The next day, when Nafai brought home a nolyen—a small deerlike creature, barely a half-meter from the shoulder
to the ground—they cut it up and seared the meat and then ate it, rather gingerly, until they realized that either raw meat wasn’t so bad or the Oversoul had done a good job of making them insensitive to the difference. They’d get by without fire whenever they had to.

But the Oversoul couldn’t give them a new pulse to replace the lost one.

They lost two more pulses crossing the Nividimu. It was a stupid, unnecessary loss. The camels were reluctant to make the crossing, even though the ford was wide and shallow, and there was some jostling as they were herded across. Still, if all the loads had been competently and carefully tied in place, none of them would have come loose, none would have spilled their contents into the ice-cold water.

It took a few minutes before Elemak realized that this was the camel that carried two of the pulses; until then he had concentrated on getting the rest of the camels across before trying to retrieve the load. By the time he found the pulses, in a poke, wrapped in cloth, they had been immersed for a quarter of an hour. Pulses were durable, but they had not been meant for use under water. Their seals had been penetrated and the mechanism inside would corrode rapidly. He saved the pulses, of course, in the hope that perhaps they would
not
corrode, though he knew the chance of that was slim.

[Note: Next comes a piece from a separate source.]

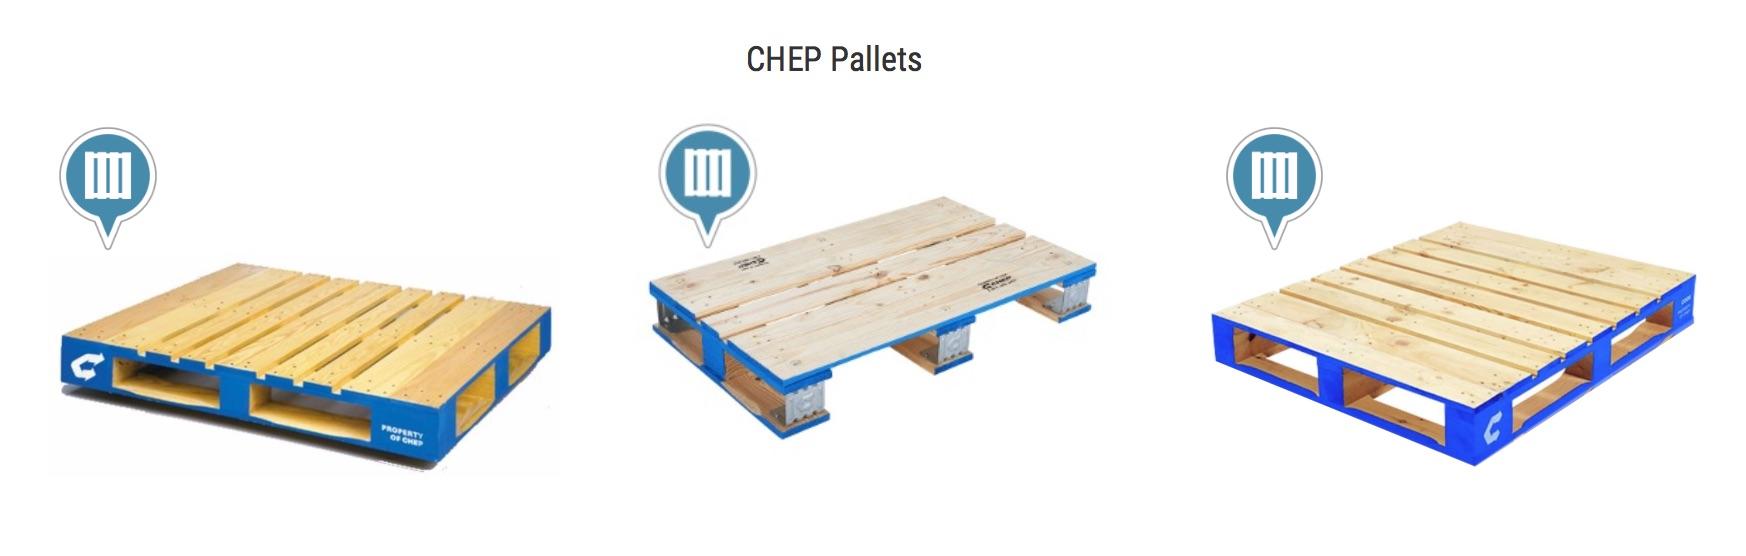 CHEP Pallets

“Who packed this camel?” Elemak demanded.

No one seemed to recall having packed it.

“That’s the problem,” said Volemak. “The camel obviously packed itself, and it wasn’t good with the knots.”

The company laughed nervously. Elemak whirled on his father, prepared to castigate him for making light of a serious situation. When he met Volemak’s gaze, however, he paused, for he could see that Volemak was taking things very seriously indeed. So Elemak nodded to his father and then sat down, to show that he was going to let Volemak handle it.

“Whoever loaded this camel knows his responsibility,”
said Volemak. “And finding out who it is will be very simple—I have only to ask the Index. But there will be no punishment, because there’s nothing to be gained by it. If I ever feel a need, I will reveal who it was whose carelessness cost us our security, but in the meantime you are safe in your cowardly refusal to name yourself.”

Still no one spoke up.

Volemak said no more, but instead nodded toward Elemak, who got up and held the last pulse in front of him. “This is the pulse we have used
most,
” he said. “Therefore this is the one whose charge is least durable, and yet it’s all we have to bring us meat. It
could
last a couple of years—pulses have lasted that long before—but when this one is no longer workable, we have no other.”